Antes de que me diera tiempo a bajar la ventanilla, el energúmeno de su hijo ya se había bajado del coche y estaba pegando patadas a la puerta derecha del mío. Para cuando me bajé, ya había roto el retrovisor de un puñetazo y sangraba por la mano. Me enfrenté con él y sacó una navaja, lo que me hizo retroceder. Pedí ayuda a los curiosos, que ya habían llamado a la policía.

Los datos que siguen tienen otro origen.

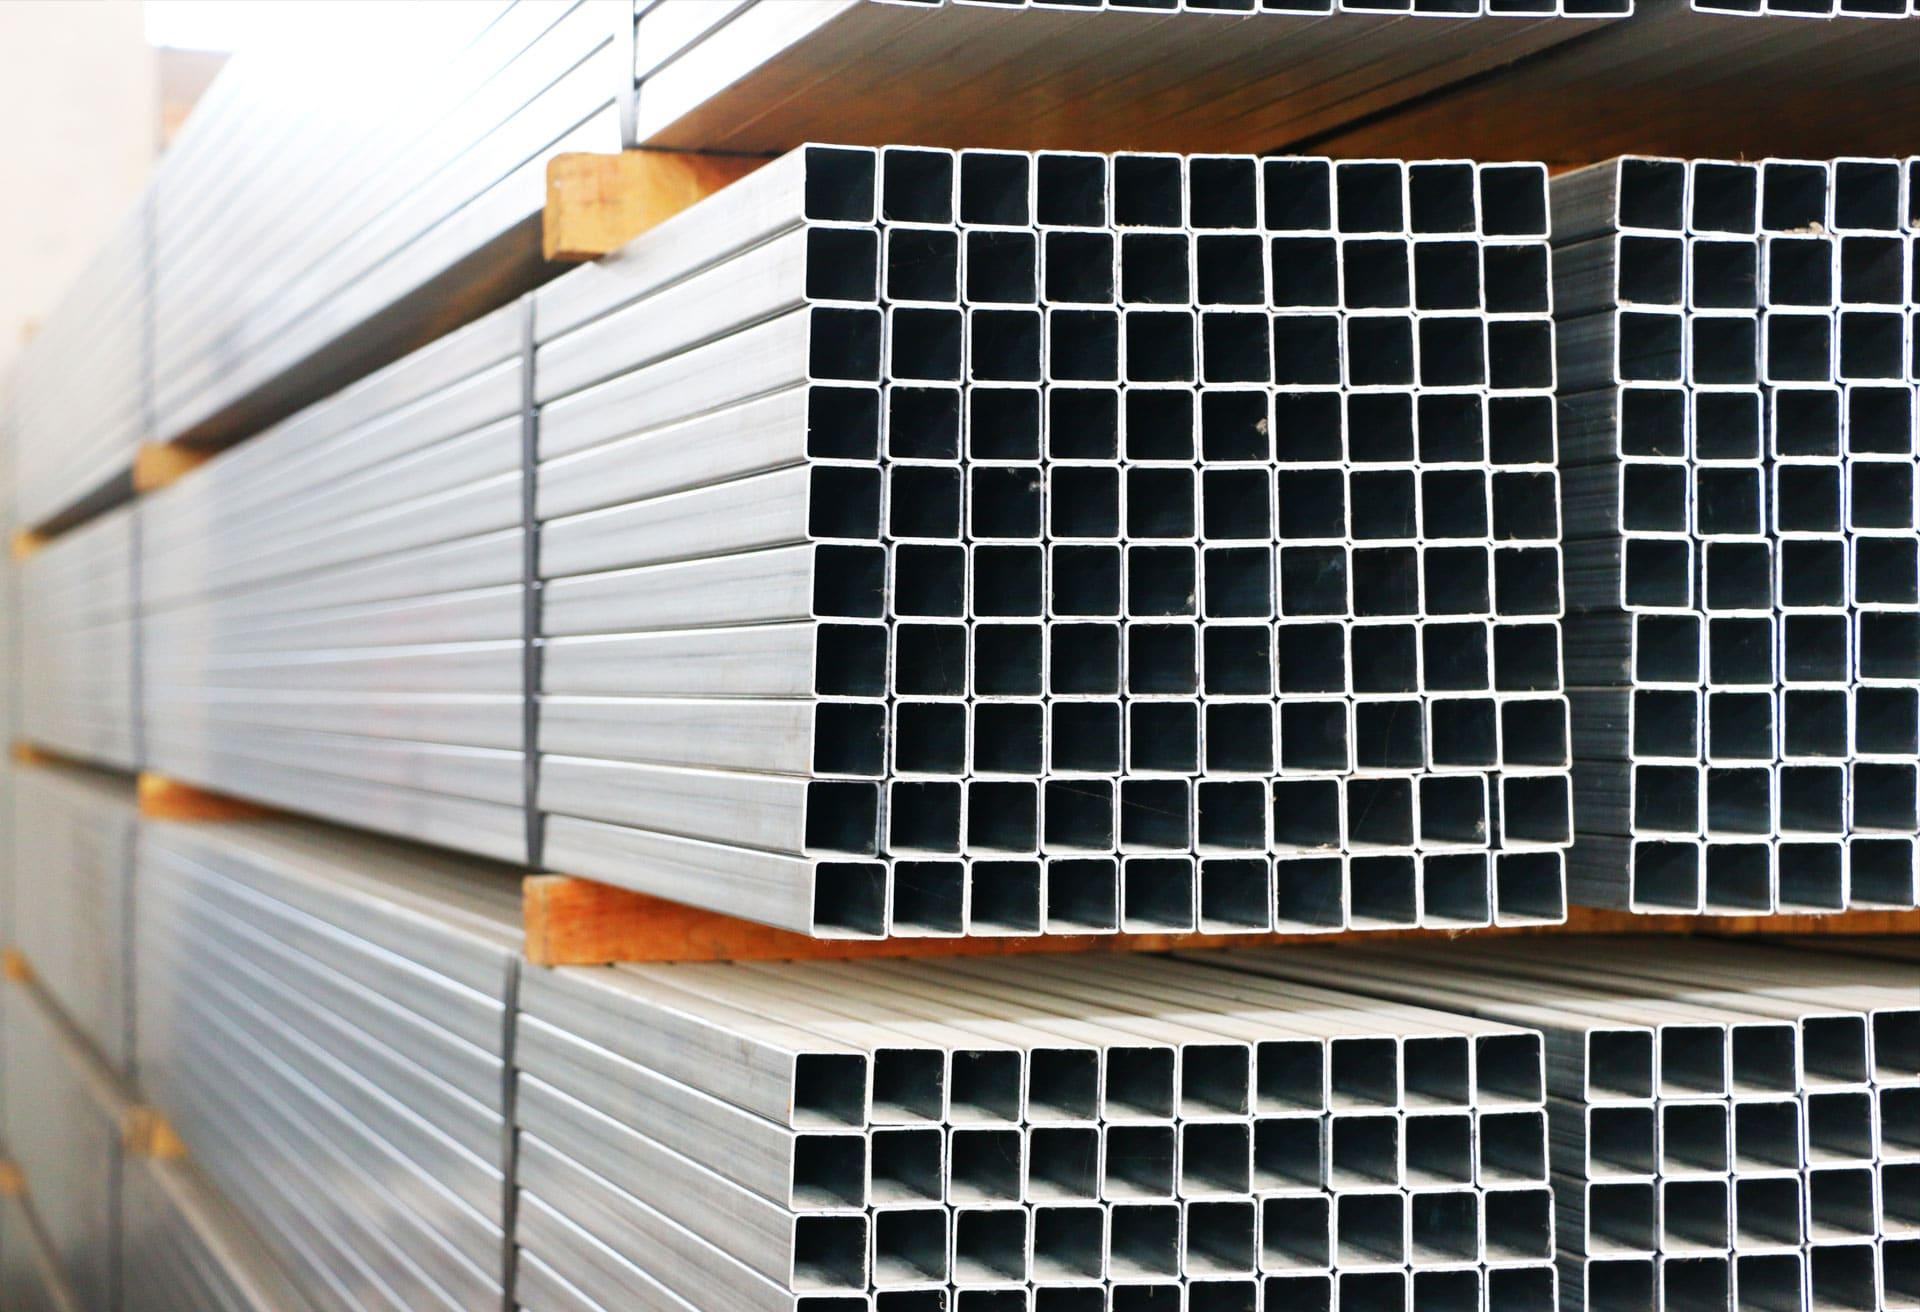 Galvanizli kare profil, galvanizli demir profil, galvanizli kutu profil, galvanizli paslanmaz çelik profil, çelik kare profil, içi boş çelik profil, kutu profil fiyatları

Seguí a los agresores con la esperanza de encontrar algún policía, cosa que ocurrió al pasar por la Embajada de EE UU. Pero cuál fue mi sorpresa y desilusión al comprobar que, tras perder más de una hora allí con cuatro policías nacionales, dos municipales y un guardia civil, que pusieron en duda de forma sistemática cuanto yo les contaba, sólo conseguí que revisaran de forma exhaustiva mi documentación y la de mi coche, registraran a fondo el mismo y me vaciaran hasta una mochila que llevaba.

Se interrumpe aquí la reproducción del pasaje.